Les animateurs Gallois sont-ils féministes ? Je ne sais pas mais force est de reconnaître que les femmes ont finalement presque le beau rôle dans l’histoire. La mère est plus forte que les hommes, plus intrépide aussi et, par un renversement des rôles les plus couramment attribués, c’est elle qui les ramène à la maison, en les traînant par les cheveux ou par la barbe. La fille, de son côté, est un peu l’équivalent de Léonard de Vinci transposé à l’âge de pierre. Les idées s’entrechoquent dans sa tête et, parfois, lorsqu’elle n’est pas contrecarrée par un grand-père à la masse ou mise en fuite par un T-Rex affamé, elle arrive à en réaliser quelques unes, visionnaires et futuristes, qui donnent de l’envol à la série et font décoller les personnages, au sens propre…
On retrouve dans Gogs, Gogs II et Gogwana, des tas d’idées visuelles qui prennent leurs sources dans les dessins animés (yeux exorbités d’effroi par exemple) mais aussi dans le cinéma de genre, celui mettant en scène des mondes perdus ou préhistoriques (les diplodocus et autres tyrannosaures font moins penser à Jurassic Park qu’à La Planète des dinosaures, certes), celui d’aventures (avec cette rencontre des pygmées cannibales ou d’une sorte de yéti) ou celui d’horreur (la séquence du grand-père revenant d’entre les morts et les déplacements en caméra subjective parmi les arbres font fortement penser à Evil Dead par exemple), sans oublier le burlesque du temps du muet, ses gags visuels et ses coups de pied au cul qui imprègnent eux-aussi certains passages.

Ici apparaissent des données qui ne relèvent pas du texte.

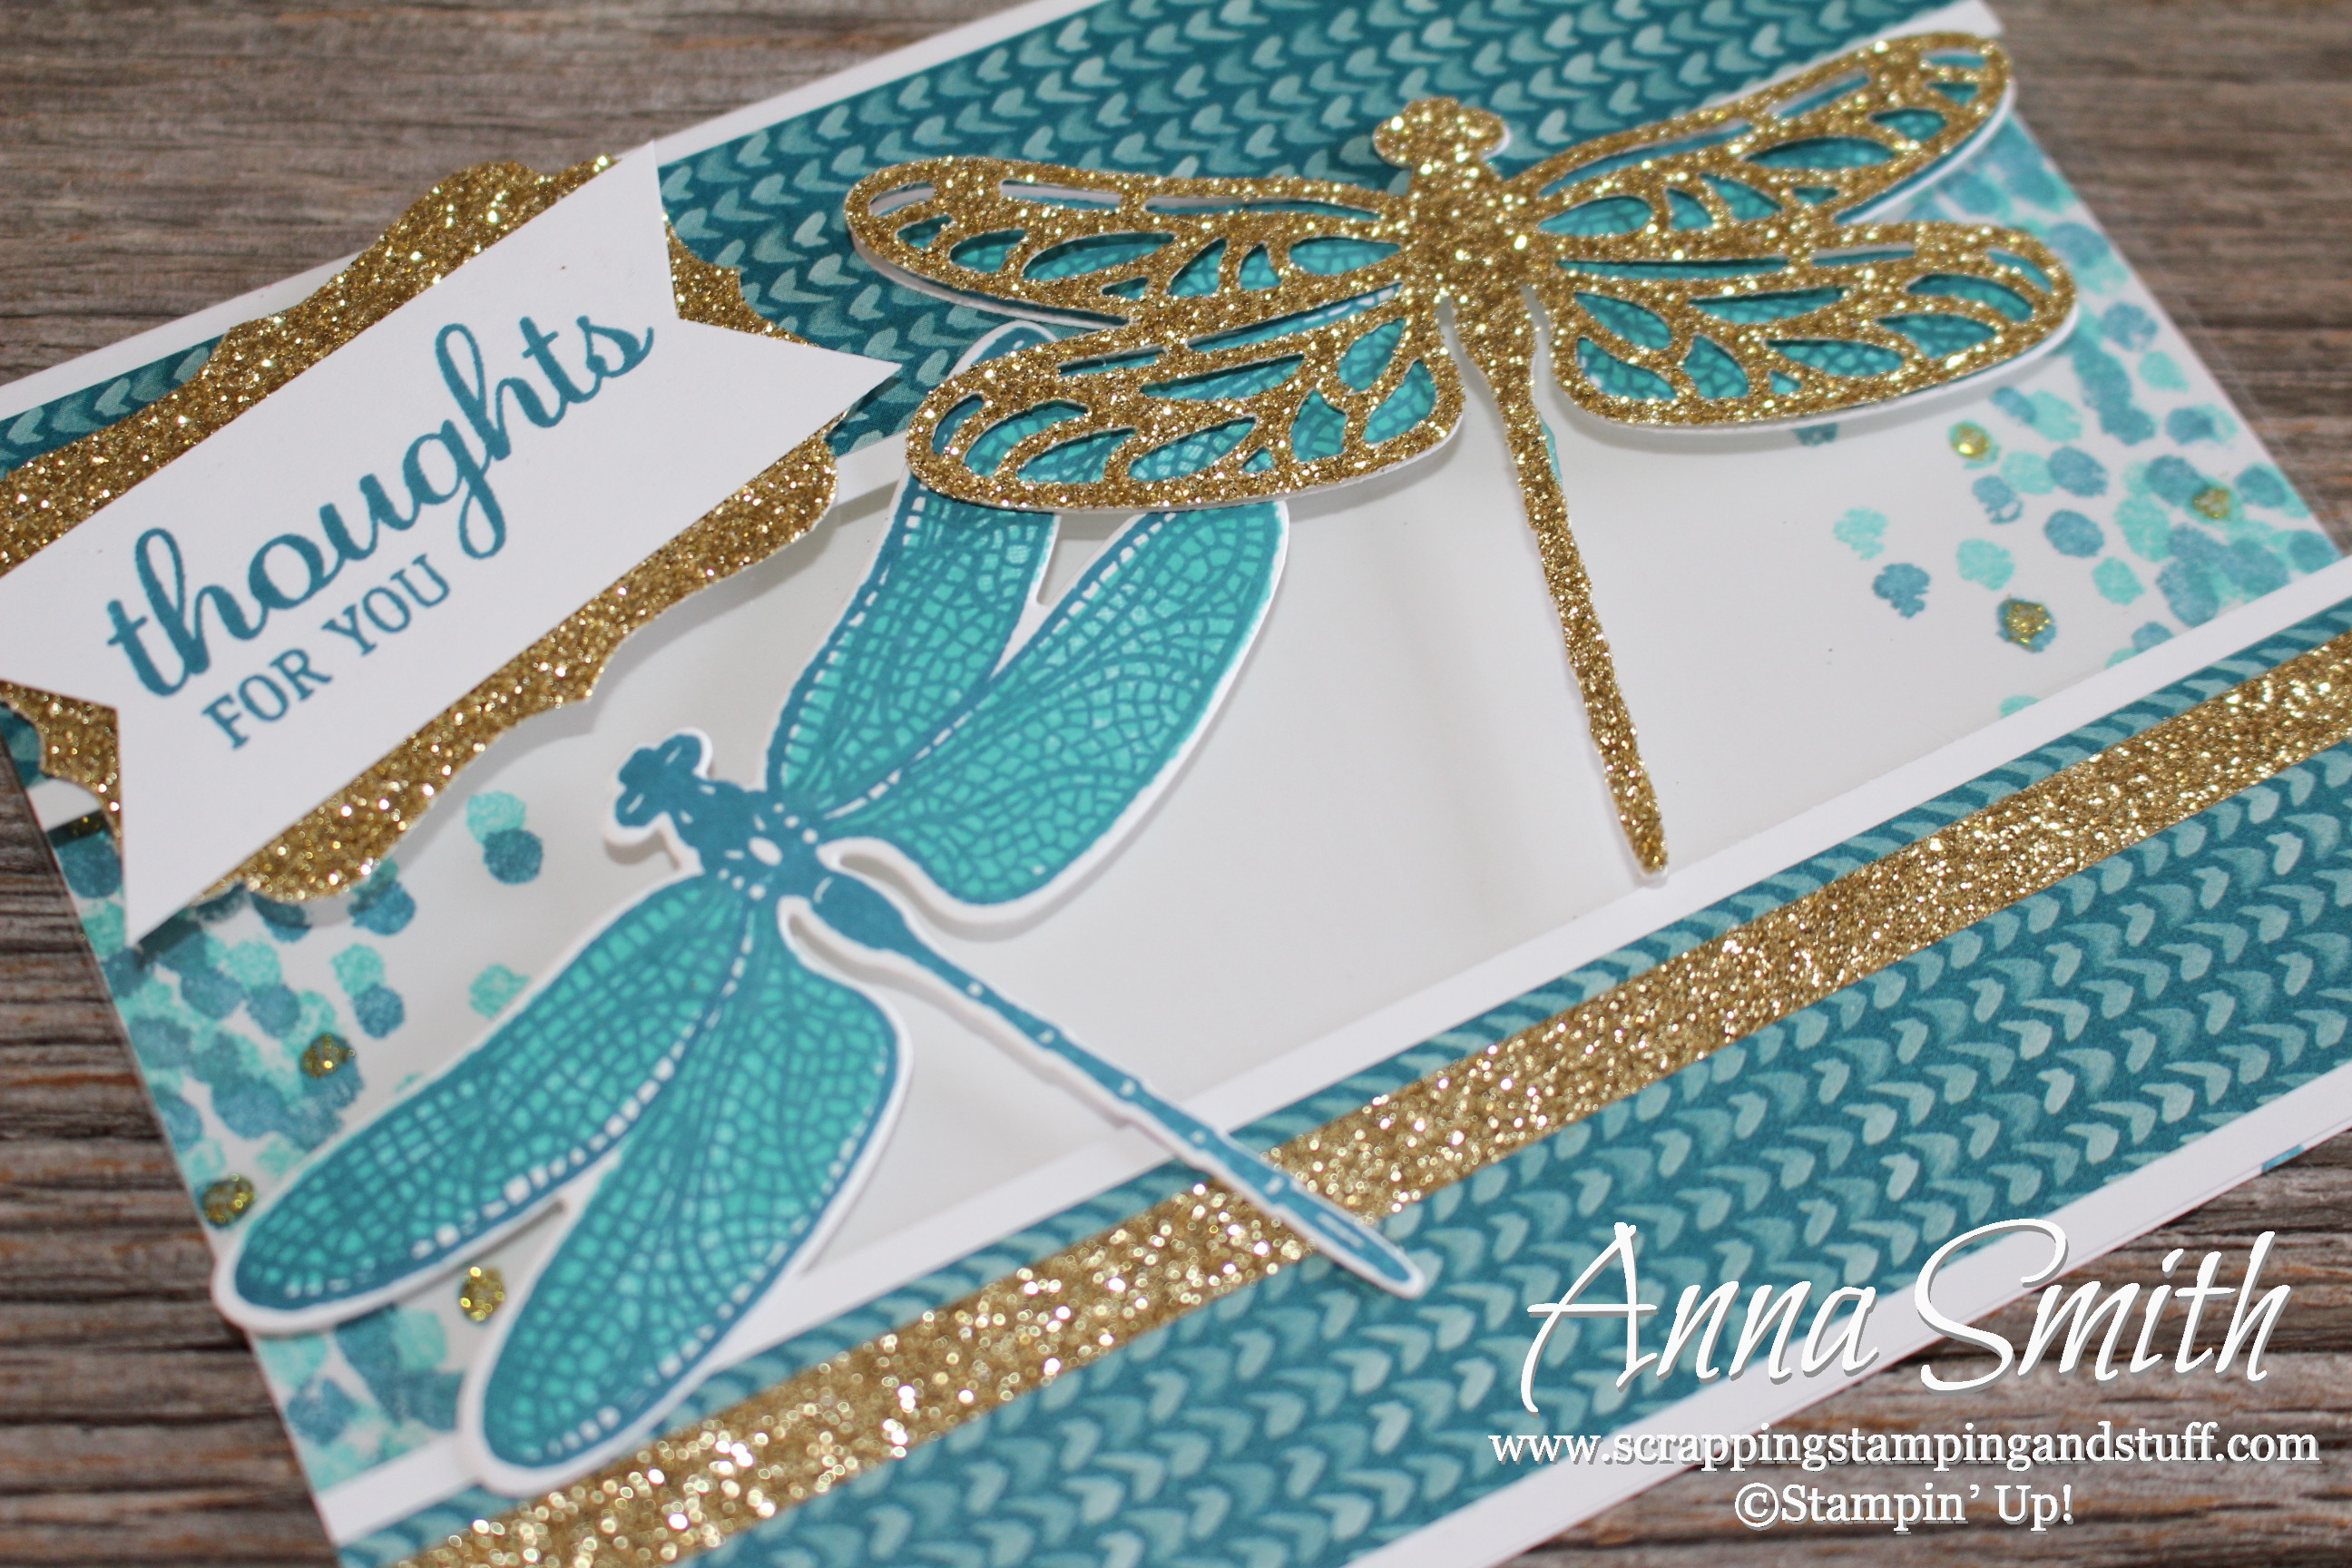 Stampin’ Up! Dragonfly Dreams Card Using the Floating Card Technique
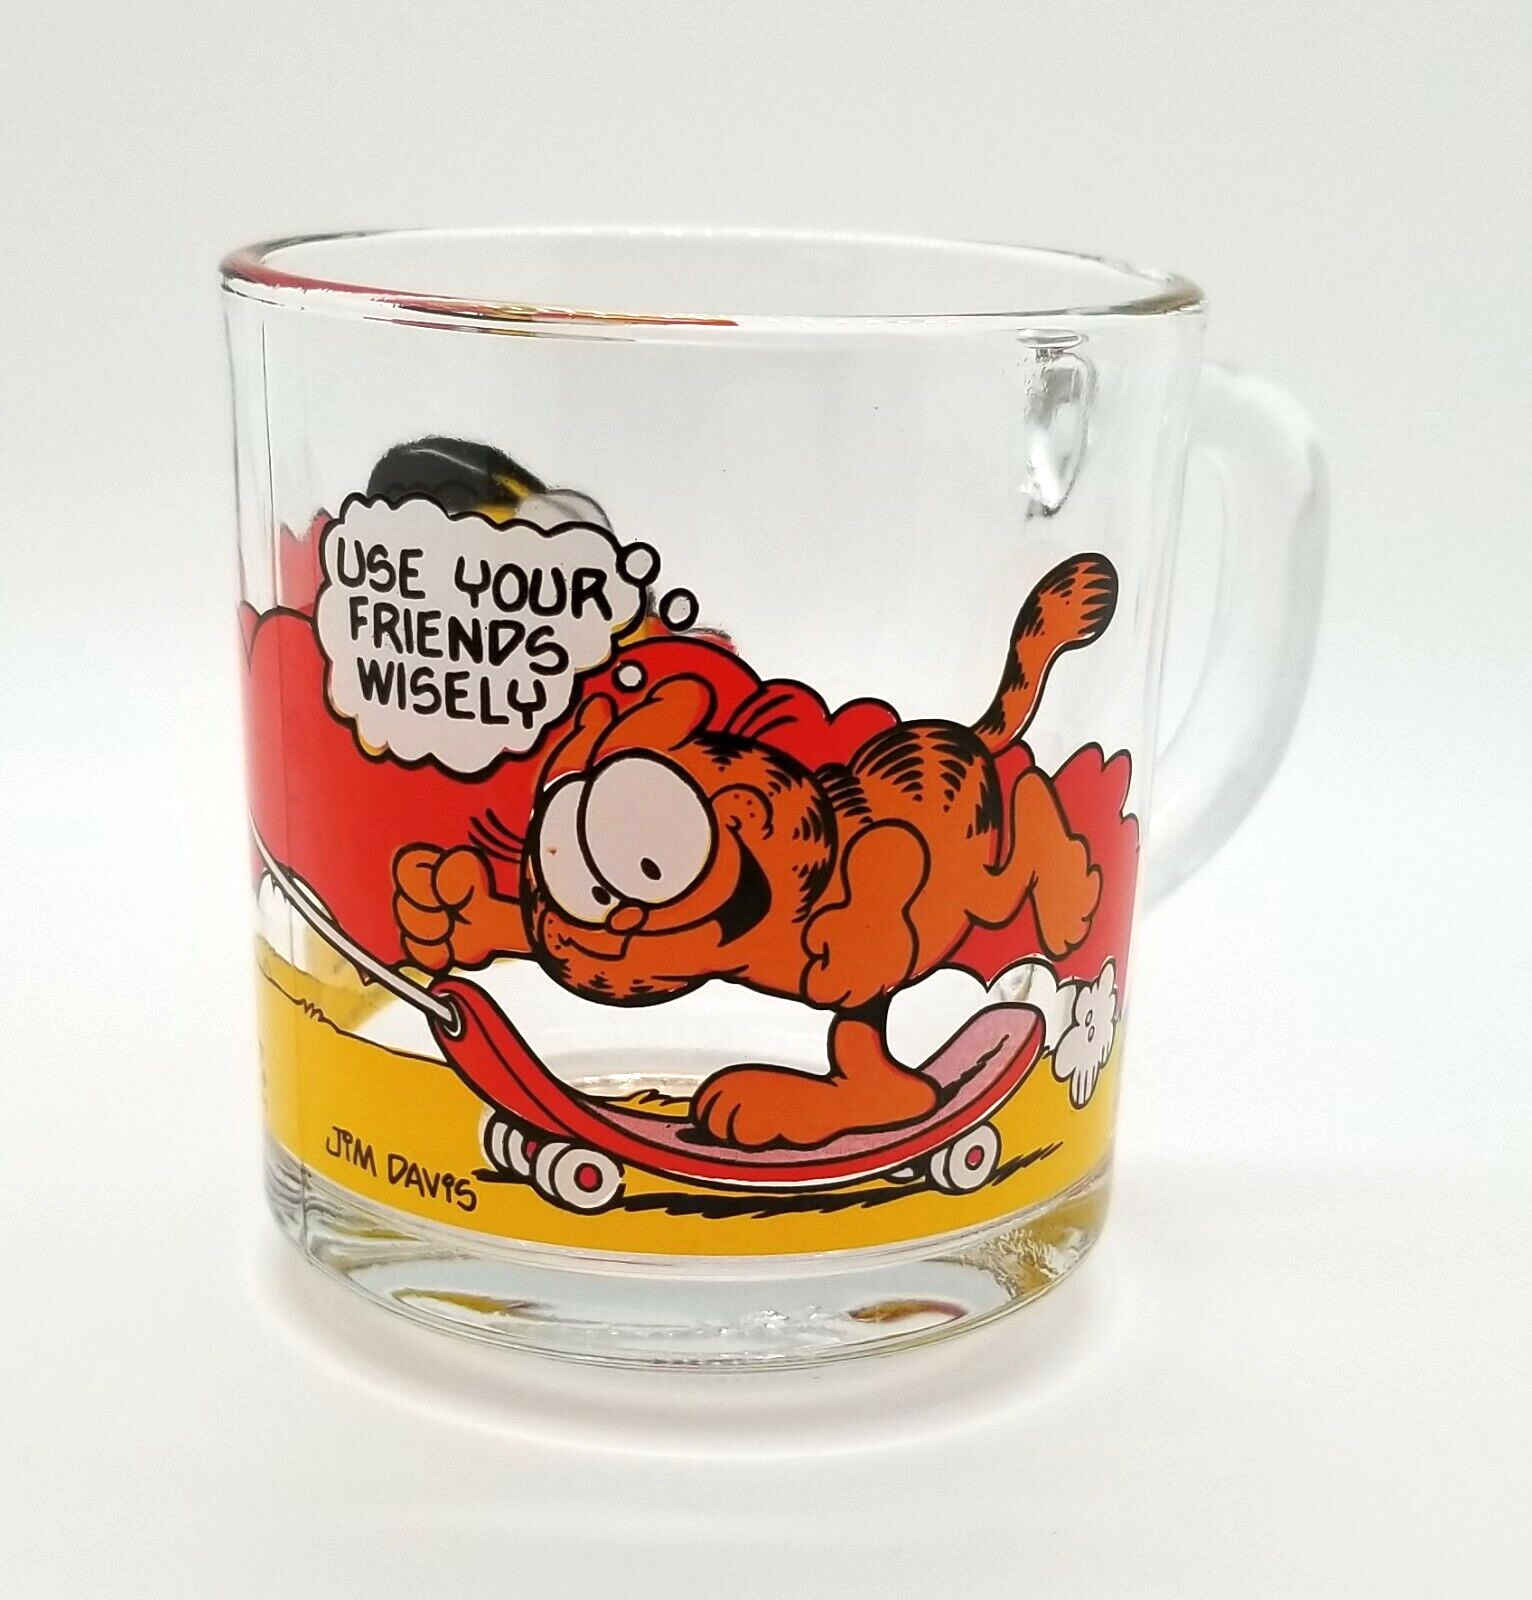 Vintage 1978 McDonalds GARFIELD Use Your Friends Wisely 8 Oz Glass Cup Mug

Série à succès outre-manche, Gogs n’est pas franchement un film familial, contrairement aux Wallace et Gromit qui peuvent se voir à tout âge. Sans comporter de scènes vraiment choquantes ou “pouvant heurter la sensibilité du jeune public”, comme on dit, il faut bien admettre que la cible visée est plutôt adulte ou adolescente, adepte d’un humour débridé parfois teinté d’absurde mais surtout lourdingue et irrévérencieux.
A déguster par épisodes plutôt que d’un coup, mais toujours avec le sourire en coin.